For a positive integer $N$, let $P(N)$ be the assertion $11N + 17 \leq 2^N$.

Step 1 (Induction Step): Suppose that $P(N)$ holds for some $N$. Now we try to prove $P(N+1): 11(N+1) + 17 \leq 2^{N+1}$.

Note $2^{N+1} = 2 \cdot 2^N = 2^N + 2^N \geq 2^N + 11N + 17$;

the last inequality used our induction hypothesis $P(N)$. Since $11(N+1) + 17 = (11N+17) + 11$, we will have $2^N + 11N + 17 \geq 11(N+1) + 17$ as long as $2^N \geq 11$. In turn, this inequality is true for all $N \geq 4$, so if $N \geq 4$ then

$2^{N+1} \geq 2^N + 2^N \geq 11 + (11N + 17) = 11(N+1) + 17$.

What have we shown? This:

If if for some $N_0 \geq 4$ we have $11N_0 + 17 \leq 2^{N_0}$, then for all $n \geq N_0$ we have $11n + 17 \leq 2^n$.

Step 2 (Base Cases): checking small positive integers $n$ one finds that $11n + 7 > 2^n$ for $1 \leq n \leq 6$ but $11 \cdot 7 + 7 = 84 < 128 = 2^7$.

Conclusion: For a positive integer $n$, $11n + 7 \leq 2^n$ iff $n \geq 7$.

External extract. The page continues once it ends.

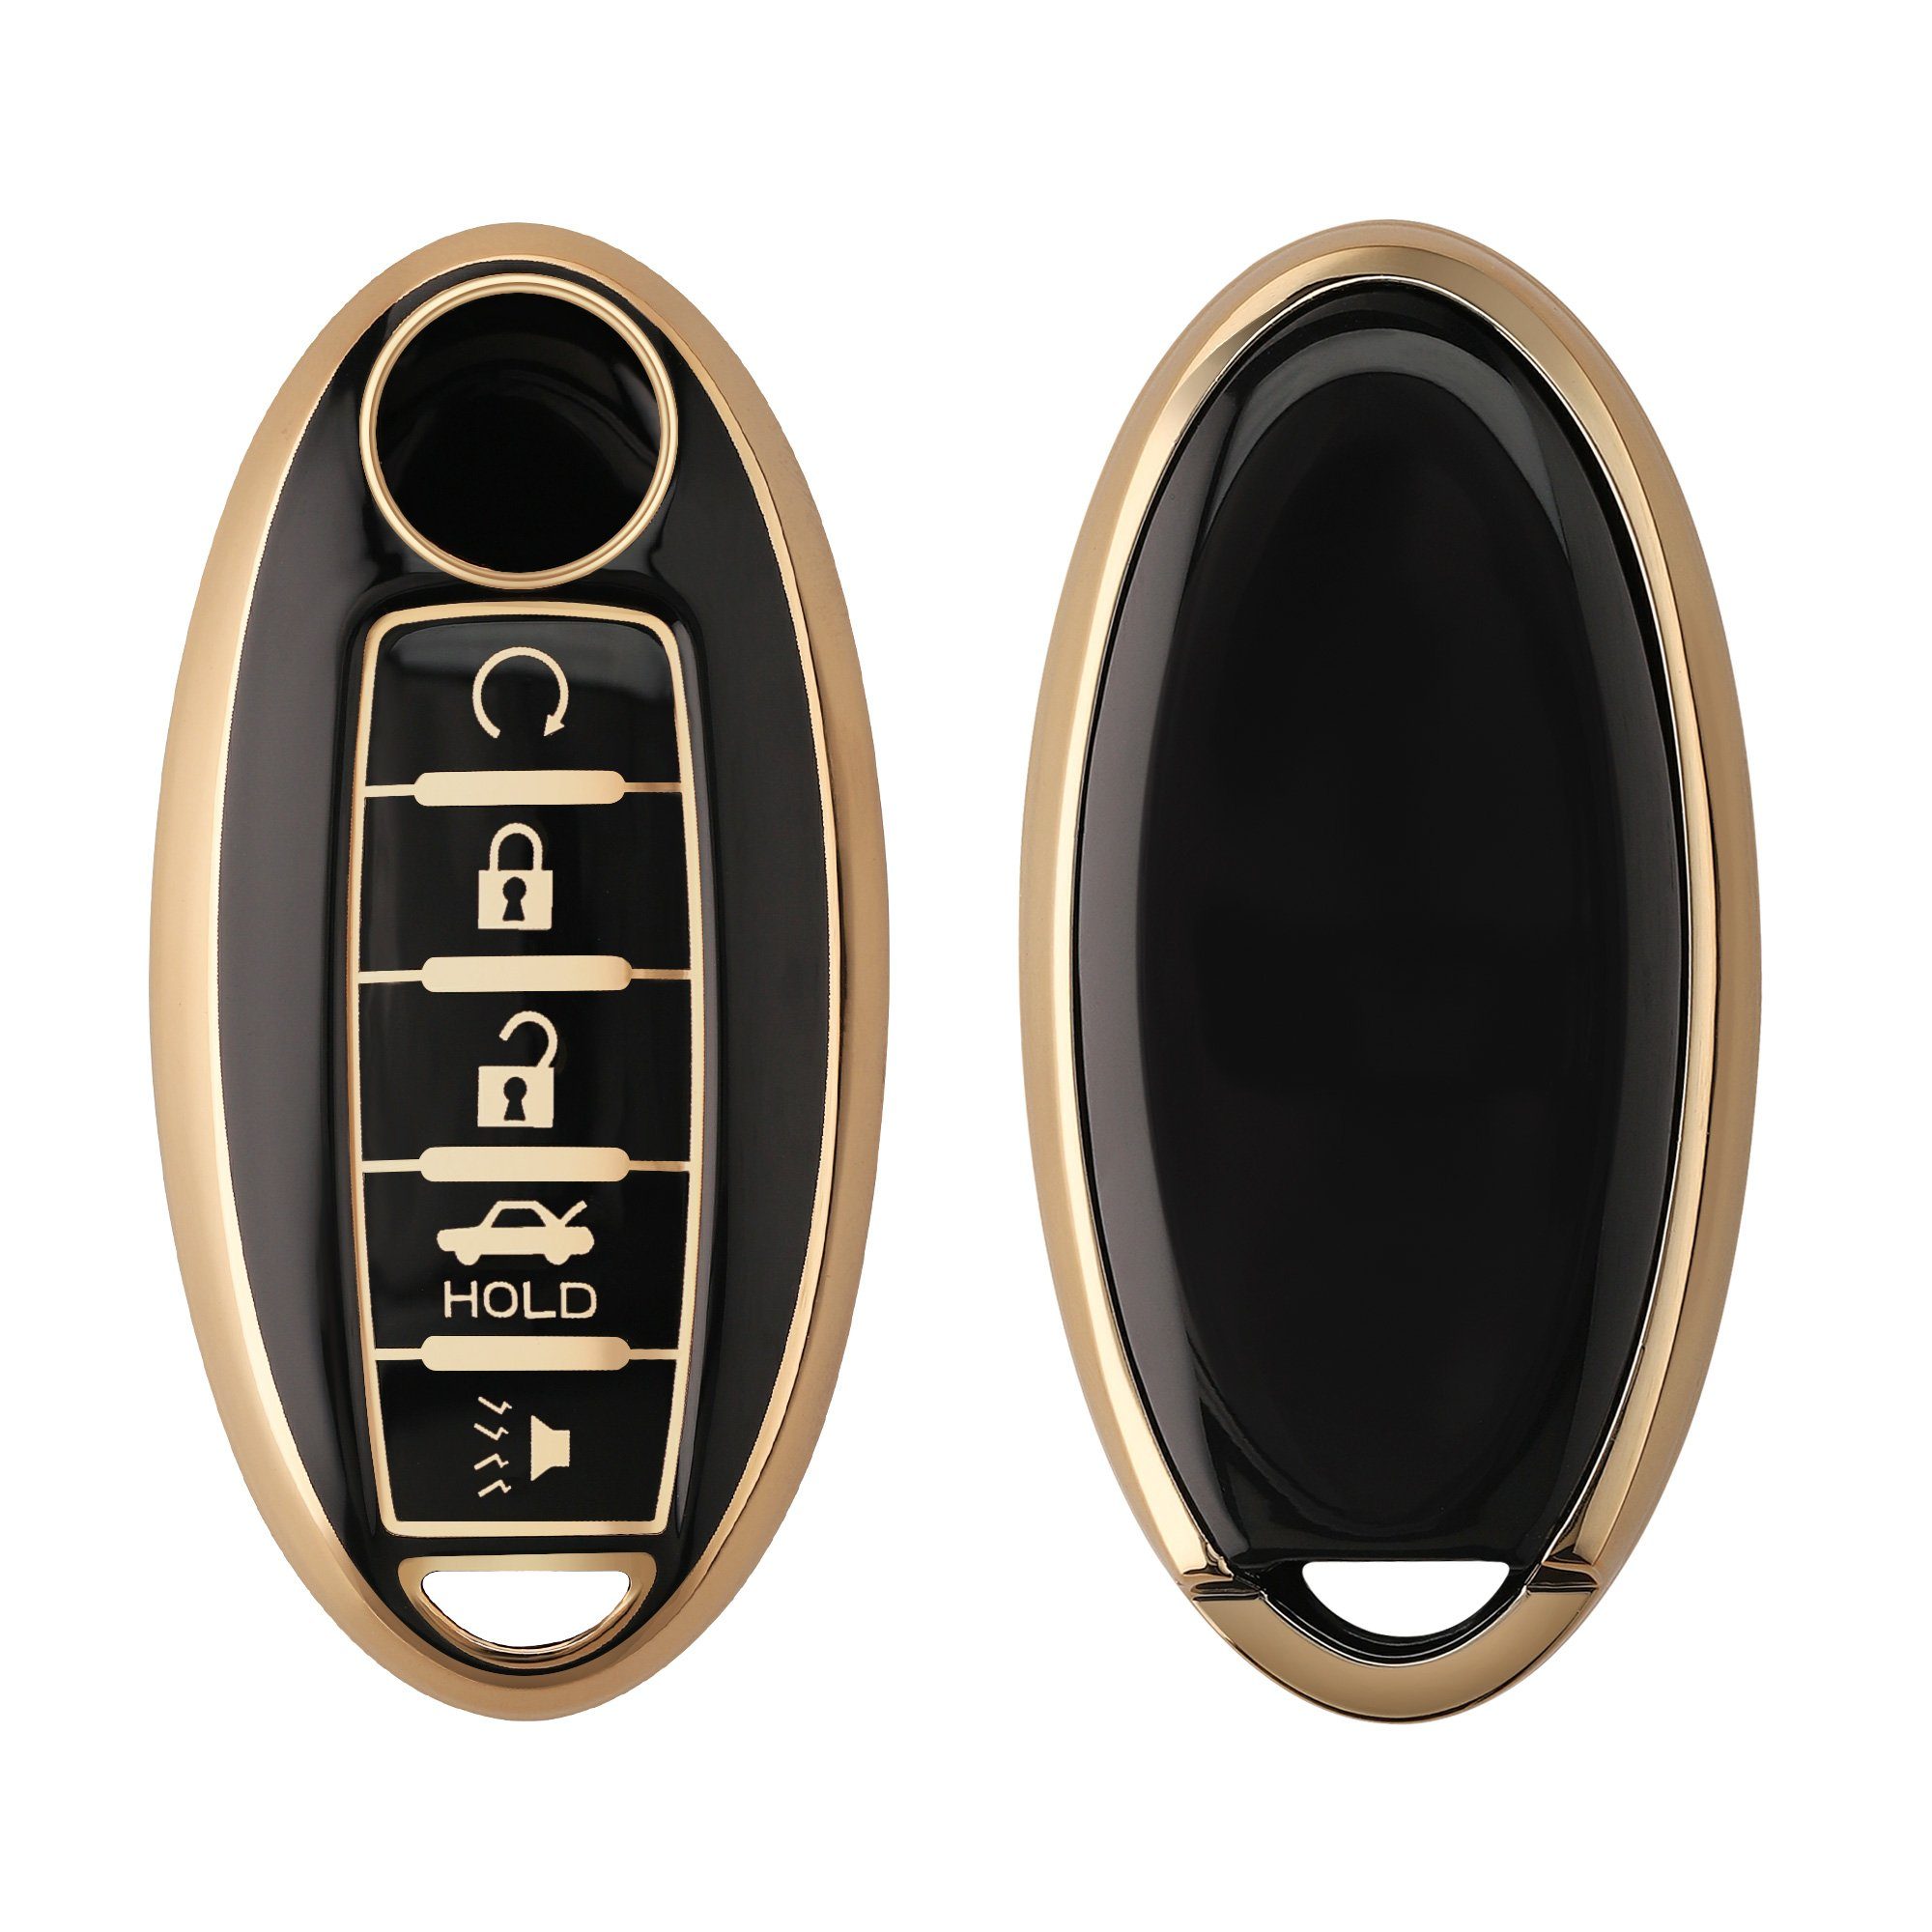 Hülle Cover Autoschlüssel Silikon für, kwmobile Schlüsselhülle Schlüsseltasche

A comment: what I didn't fully like about some of the other answers was the part where they said: keep trying values of $n$ until you find one for which the inequality holds, then prove by induction that it holds for all greater values of $n$. This happens to holds here, but it need not hold for other, similar problems. In fact, compare this to Proposition 6 in these notes (on induction, from a sophomore level class on proof techniques) in which one is looking at the inequality $2^n \geq n^3$ on the natural numbers. This holds for $n = 0,1$, then fails for $n = 2$ through $9$, then holds again for all integers $n \geq 10$. On the other hand, the analysis using the induction step shows that if the inequality holds for any $n \geq 4$ then it holds for all larger values of $n$. In this problem as well it would be more efficient to do the induction step first: otherwise one would have to look at several more individual cases to build up confidence that one has the correct minimal value $N_0$ such that the inequality holds for all $n \geq N_0$. (I confess though that in my writeup of this problem I do not do the induction step first. I wanted to stick to the standard recipe as much as possible.)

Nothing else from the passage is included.